__Data segment__.
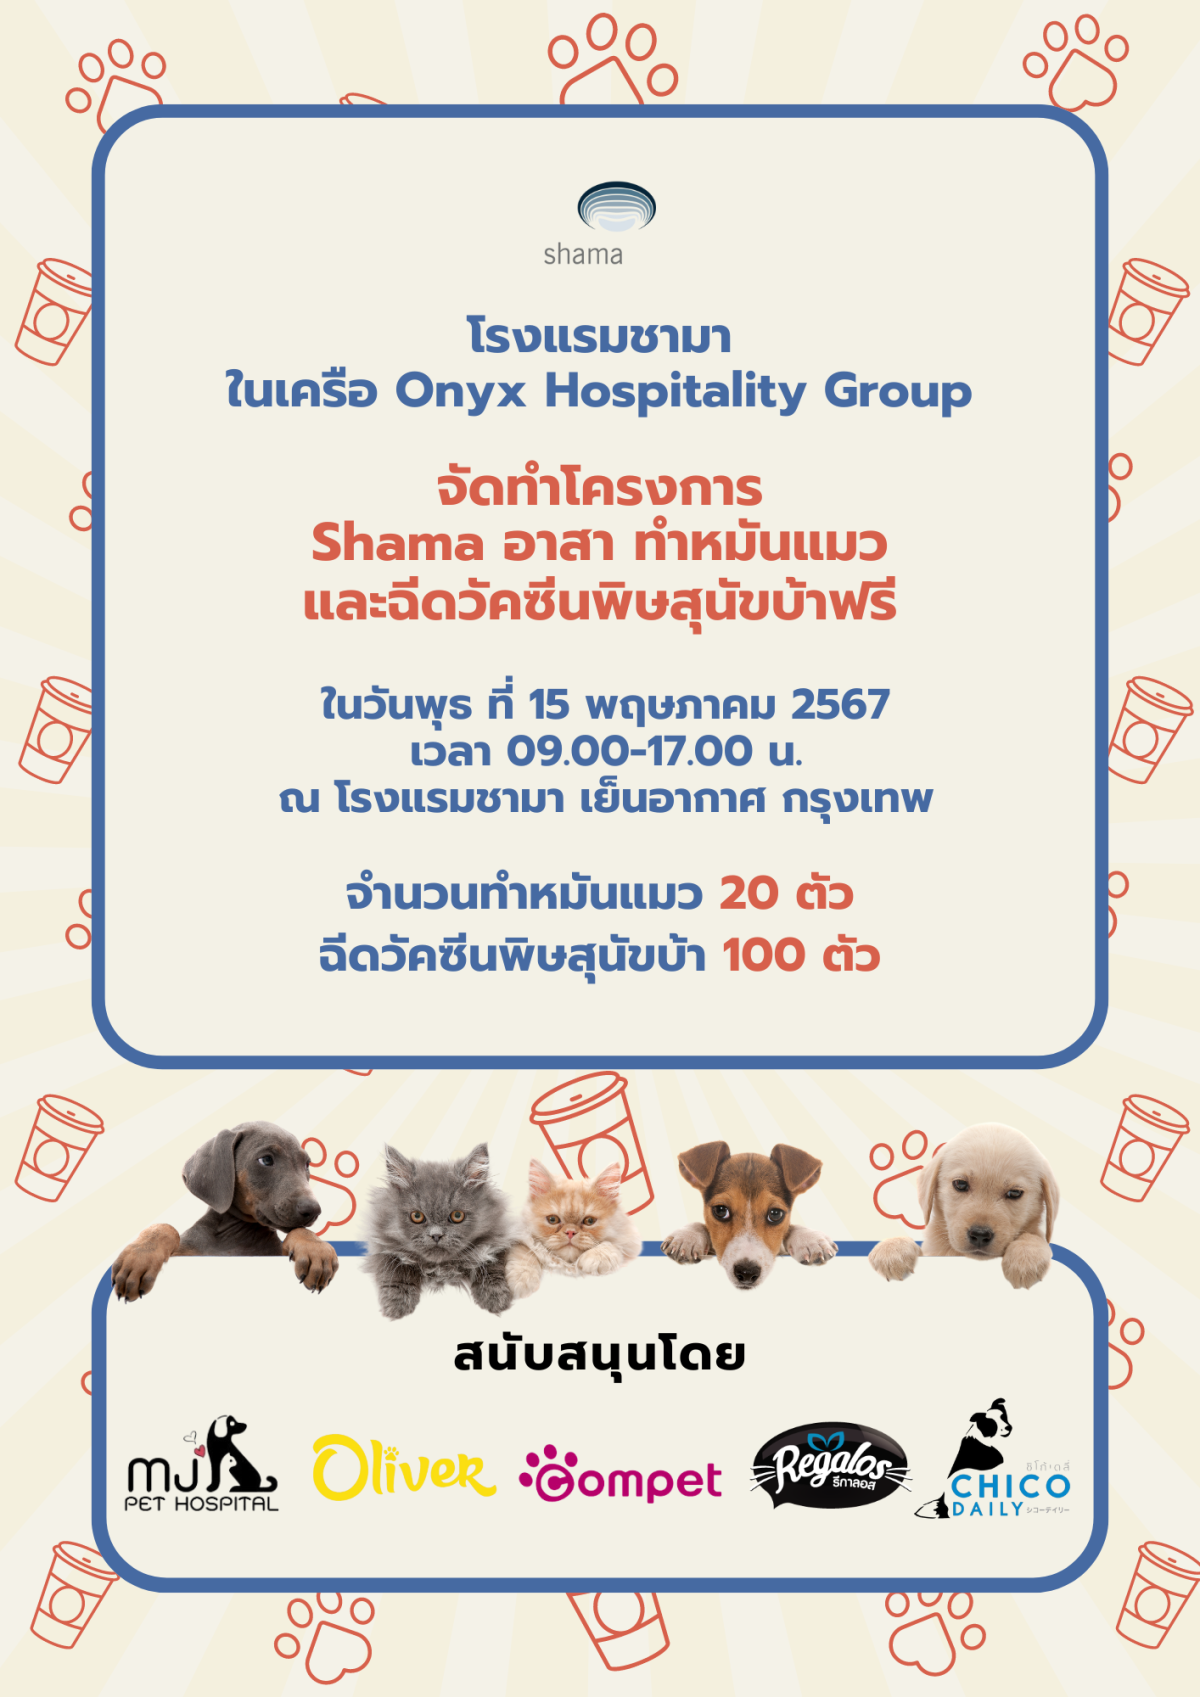 Shama Yen-Akat Bangkok โรงแรม Pet Friendly ย่านสาทร เปิดโครงการ Shama อาสา ทำหมันแมวและฉีดวัคซีนพิษสุนัขบ้าฟรี ให้แก่ชุมชนในพื้นที่ใกล้เคียง
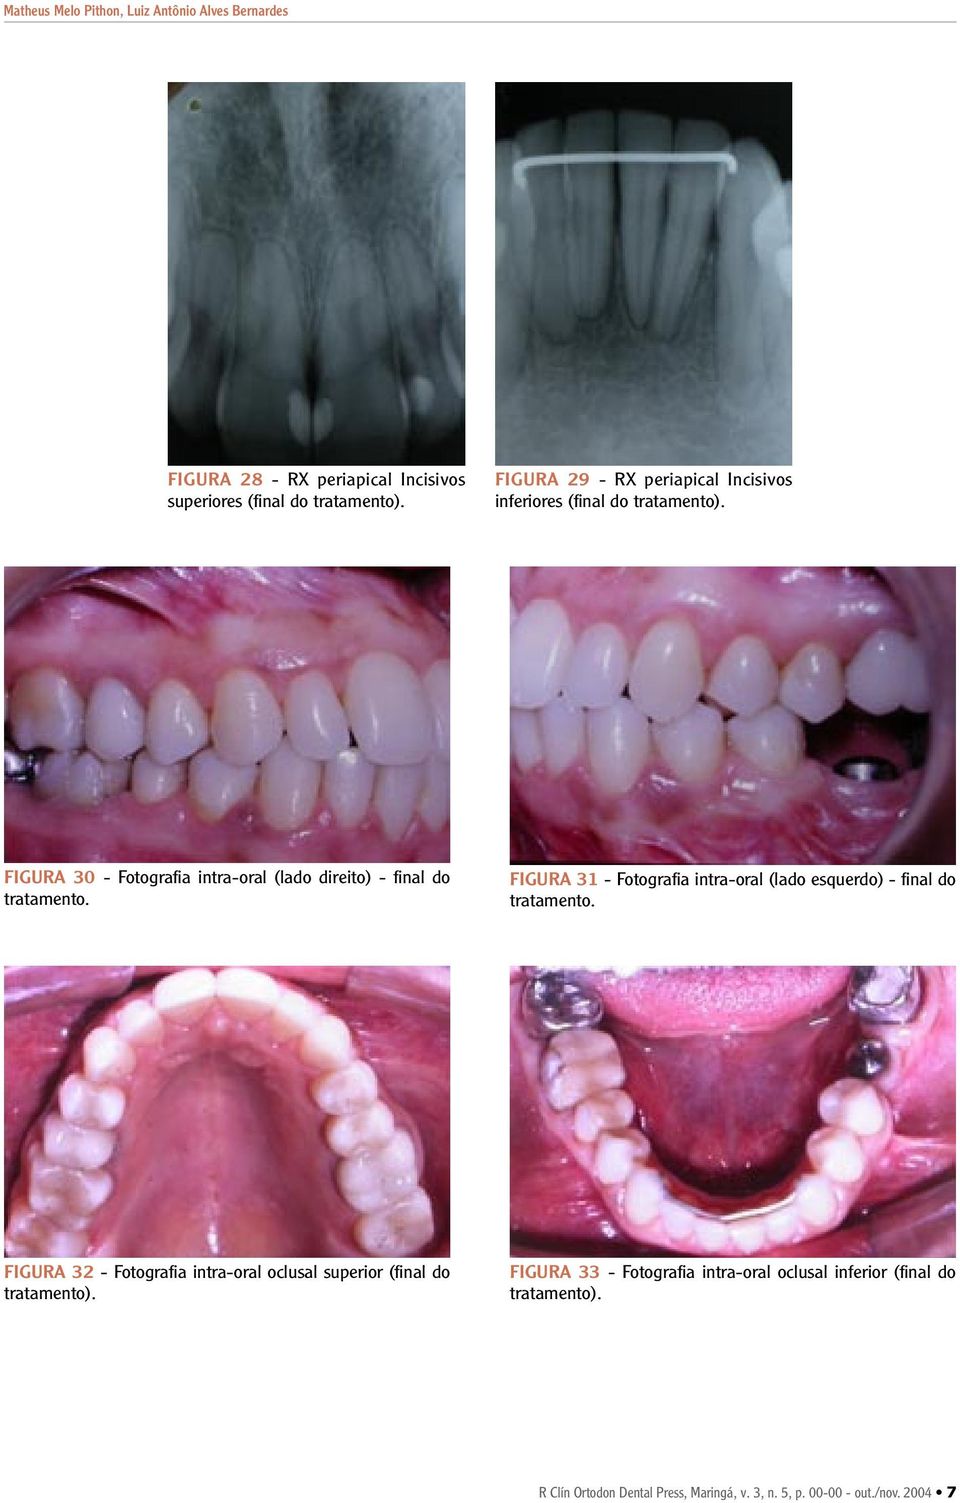 FIGURA 30 - Fotografia intra-oral (lado direito) - final do tratamento.
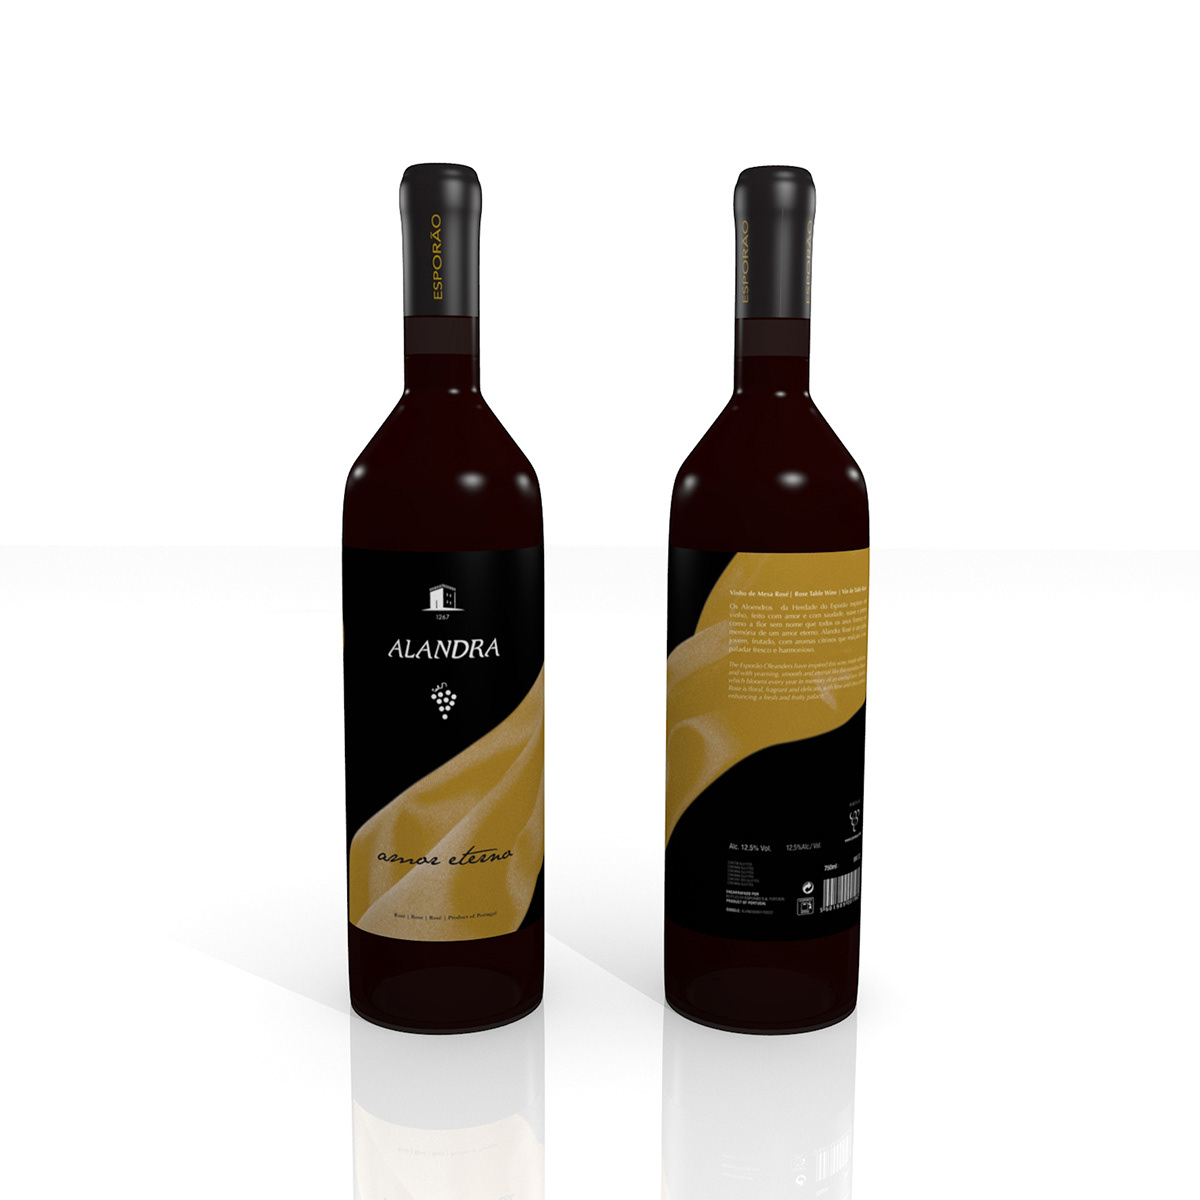 Alandra wine labels herdade do esporão
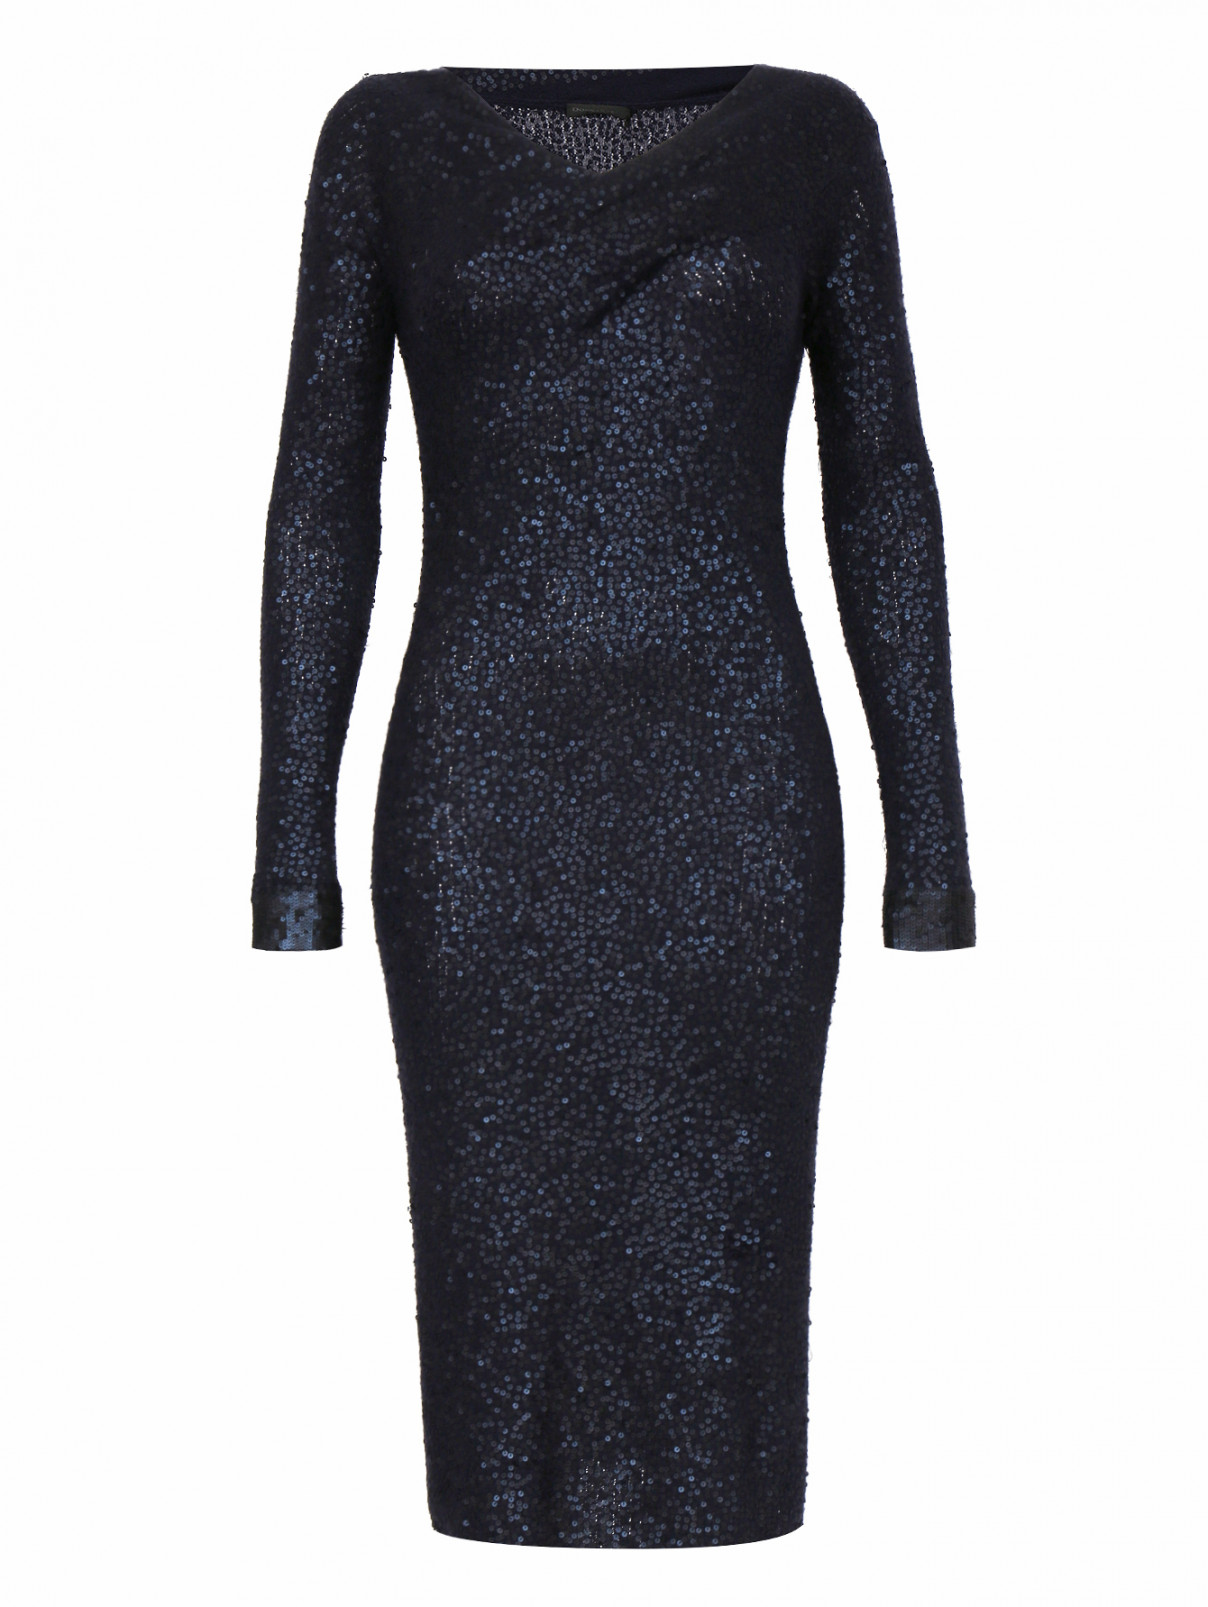 Платье из кашемира и шелка декорированное пайетками Donna Karan  –  Общий вид  – Цвет:  Синий

__Work item__. The required answer is an exact copy of the lines from the one containing "FIGURA 30 - Fotografia" through the last line of the material, with the pictures removed.

__Answer space__.
 FIGURA 30 - Fotografia intra-oral (lado direito) - final do tratamento.
 Alandra wine labels herdade do esporão
 Платье из кашемира и шелка декорированное пайетками Donna Karan  –  Общий вид  – Цвет:  Синий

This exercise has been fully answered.